7 Hidden Dangers of Pre-Workout Drinks & How to Avoid Them

Whether you’re a veteran athlete or just starting a fitness habit, you’re no doubt aware of the sheer volume of pre-workout drinks available. Grocery stores have entire shelves dedicated to them. Gas stations have row after row of refrigerators filled with bright colored cans with names like Monster and Red Bull and Rockstar and Celsius and Zoa. And while there is no set definition of what a “preworkout drink” is, many of them offer the same promises to those who drink them. Namely, improved energy, increased focus, and a physical boost to help you reach peak performance during your training sessions. 

Sounds great, right?

Unfortunately, despite their popularity, there are some pervasive myths and misconceptions about energy drinks that we’d like to cover in this article. Read this before you begin to rely on an energy drink for your prime energy needs:

1. All Pre-Workout Drink Ingredients are the Same

While many of the more popular energy drinks have common ingredients like caffeine, taurine, beta-alanine, BCAAs and creatine, the amount of these ingredients (and their overall quality) can vary widely between drinks. Even worse, many pre-workout drinks include “proprietary blends” which means the company doesn’t have to divulge the list of ingredients or vouch for their quality.

2. Know the Exact Amount of Caffeine You’re Consuming

Here’s an example of how this can be tricky:

Say you’re comparing two pre-workout drinks and they both list that they use green coffee bean extract as a caffeine source. One drink only uses green coffee bean extract as its caffeine source and it provides 100 mg caffeine per 16 ounces while the other drink uses that in addition to other caffeine sources and provides 300mg of caffeine per 16 ounces, that is a 3x difference. 

If you don’t look at the amount of caffeine on the can, you may be consuming far more than you think from the ingredient labels. 

3. Know the Serving Size

Let’s say you’re looking at a 16 ounce energy drink can and there’s a shiny callout sticker on the label touting 150mg of caffeine per serving. Psychologically, you’re going to assume that means that the can you’d purchase has 150mg in it. If you assume that, you’d be wrong. Most 16 ounce cans contain two full servings, meaning once again you’d be drinking 300mg of caffeine in one sitting as opposed to 150mg, which is a huge difference if you’re at all sensitive to it.

4. Watch the Sugar

While nearly every pre-workout drink has a low-sugar or no-sugar option, some of the more popular brands of energy drinks contain a whopping 37g of sugar in as little as 8 ounces, which translates to over 70g of sugar in a sixteen ounce can. It would take a whole lot more exercise than you intended to burn that off.

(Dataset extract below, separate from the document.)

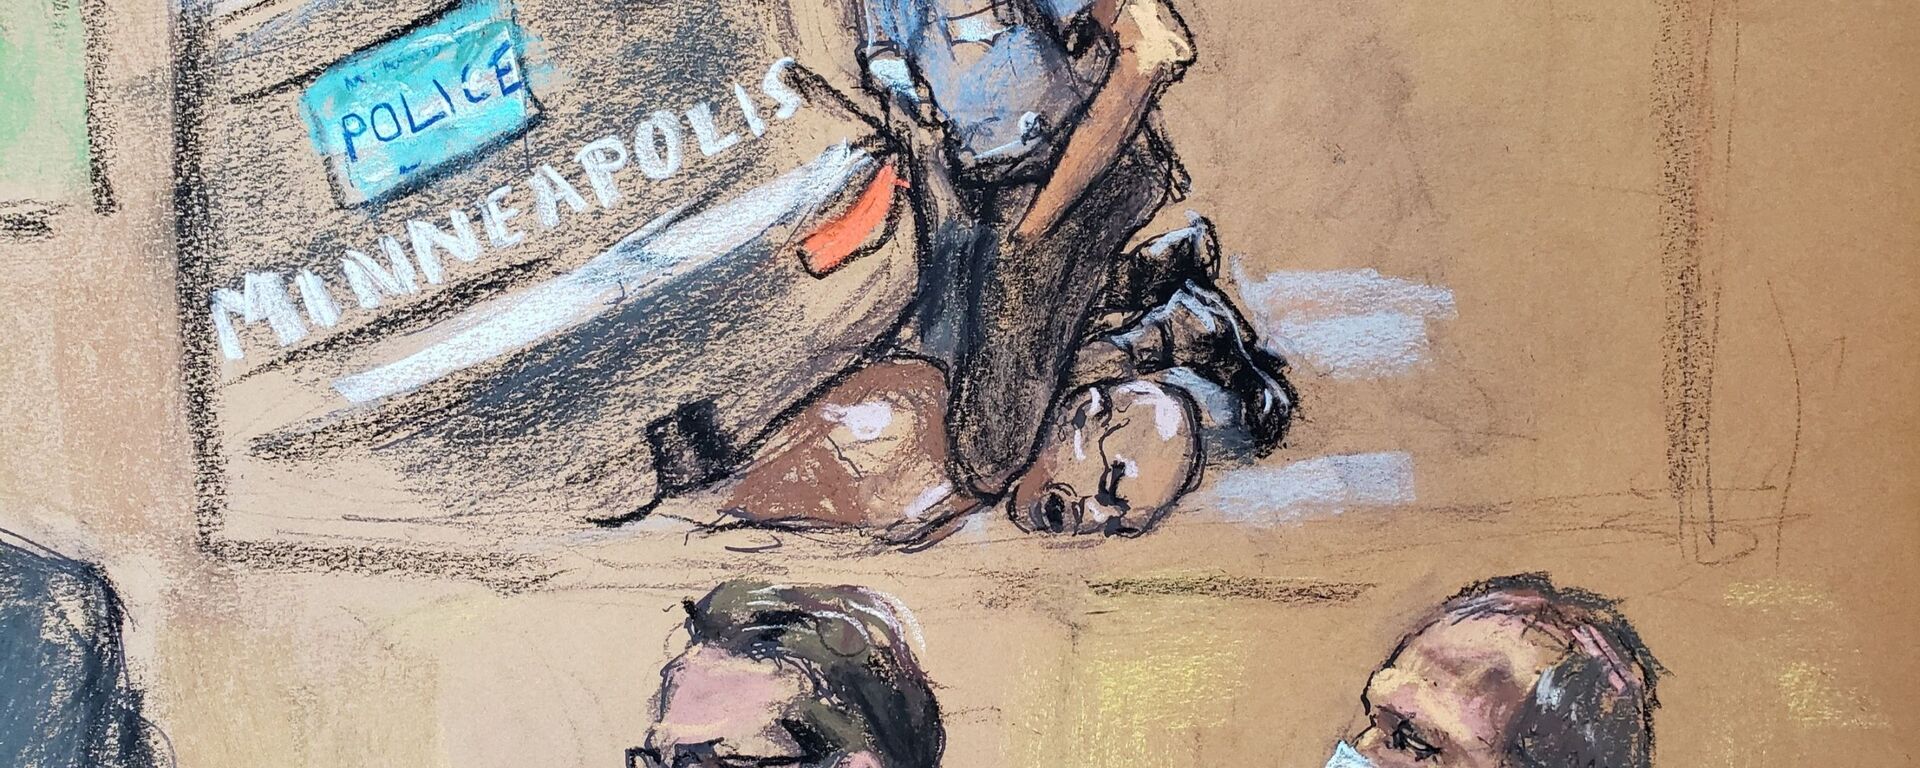 Mahkeme çizimiyle George Floyd davasında boğularak öldürülmesinin videosu gösterilirken avukat Eric Nelson ile müvekkili olan eski polis memuru Derek Chauvin (sağda) - Sputnik Türkiye, 1920, 31.03.2021

5. Pre-Workout Drinks are NOT a Substitute for a Good Night’s Sleep

The best pre-workout you’ll ever find is a solid 8 hours of great sleep the night before. Prior to consuming energy drinks or pre-workouts, consider why you need one in the first place. If you’re burning the candle at both ends or you’re streaming TV late into the night and you feel groggy the next day, no amount of caffeine or sugar is going to make up for poor sleep habits in the long run. Fix your sleep, your energy will return and great workouts will follow.

6. Time Your Pre-Workout Properly

Far too many people begin consuming their pre-workout drink 5-minutes or less before they start exercising. This is a mistake. If you want to enjoy the benefits and boost of a pre-workout, you’re going to want to give the caffeine and other ingredients time to kick in. In order to maximize their effectiveness, try taking your pre-workout 30-40 minutes before you exercise. Otherwise, you’ll be feeling the effects if you drink just as you finish your workout.

7. Early Risers Likely Don’t Need a Pre-Workout

If you exercise first thing in the morning at 5AM or 6AM, you probably think that you’d barely get out of bed without your pre-workout. You’d be wrong. By getting out of bed, moving and exercising right away, your body’s natural waking hormones take over, giving you what amounts to a natural pre-workout. Many veteran early morning exercisers have discovered that the most effective time for a caffeine boost is a few hours after their workout has ended. That’s when the adrenaline of the workout has worn off and you may need that little kick.

To summarize, pre-workout drinks have their time and place and when used properly, they can provide a jolt of energy, focus and a bump in performance. Just remember to hydrate often, drink electrolytes and pay attention to what your body responds to. This way pre-workout drinks can continue to be your friend rather than your foe.